Book Synopsis The Scale of Medicines, with which Merchant-Vessels are to be Furnished by Command of the Privy Council for Trade. Second Thousand by : Sir Thomas Spencer WELLS
Download or read book The Scale of Medicines, with which Merchant-Vessels are to be Furnished by Command of the Privy Council for Trade. Second Thousand written by Sir Thomas Spencer WELLS and published by . This book was released on 1861 with total page 236 pages. Available in PDF, EPUB and Kindle. Book excerpt:
Book Synopsis The scale of medicines with which merchant vessels are to be furnished, with observations on the means of preserving the health and increasing the comforts of merchant seamen; directions for the use of the medicines, and for the treatment of various accidents and diseases by : sir Thomas Spencer Wells (1st bart.)
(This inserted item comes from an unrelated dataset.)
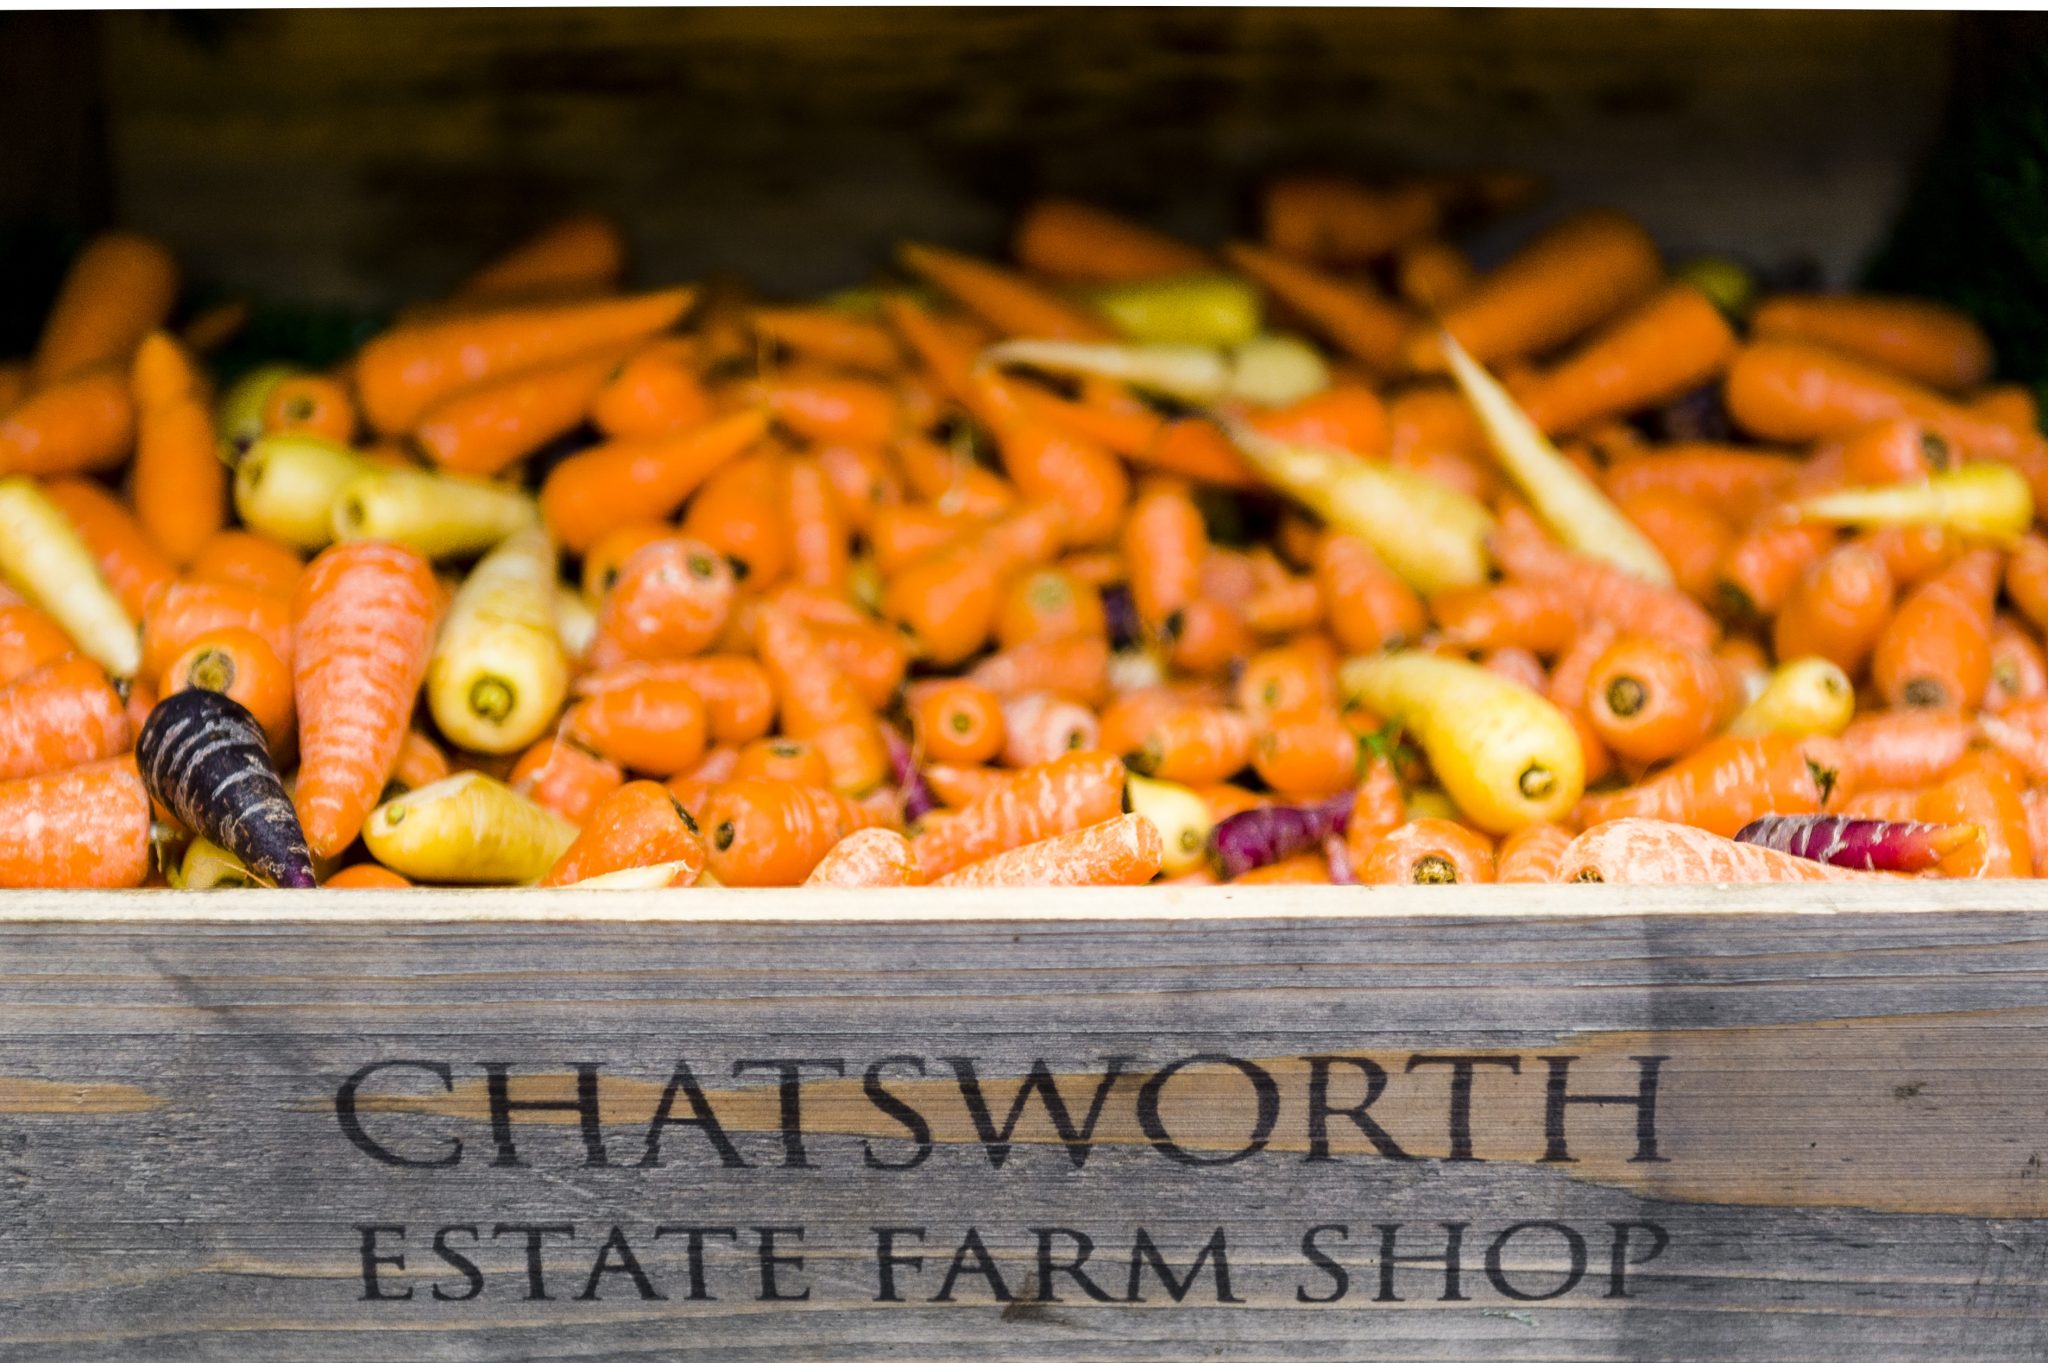 Chatsworth Estate Farm Shop Announced as Finalist in Farm Shop & Deli Awards 2017

Download or read book The scale of medicines with which merchant vessels are to be furnished, with observations on the means of preserving the health and increasing the comforts of merchant seamen; directions for the use of the medicines, and for the treatment of various accidents and diseases written by sir Thomas Spencer Wells (1st bart.) and published by . This book was released on 1861 with total page 236 pages. Available in PDF, EPUB and Kindle. Book excerpt:
Book Synopsis Health Measurement Scales by : David L. Streiner
Download or read book Health Measurement Scales written by David L. Streiner and published by Oxford University Press, USA. This book was released on 2015 with total page 415 pages. Available in PDF, EPUB and Kindle. Book excerpt: A new edition of this practical guide for clinicians who are developing tools to measure subjective states, attitudes, or non-tangible outcomes in their patients, suitable for those who have no knowledge of statistics.
Book Synopsis The Scale of Medicines with which Merchant Vessels are to be Furnished, in Pursuance of Act 7 & 8 Vic., Cap. 112. With Directions for Their Use ... Third Edition by : Charles MACARTHUR (Surgeon, Royal Navy.)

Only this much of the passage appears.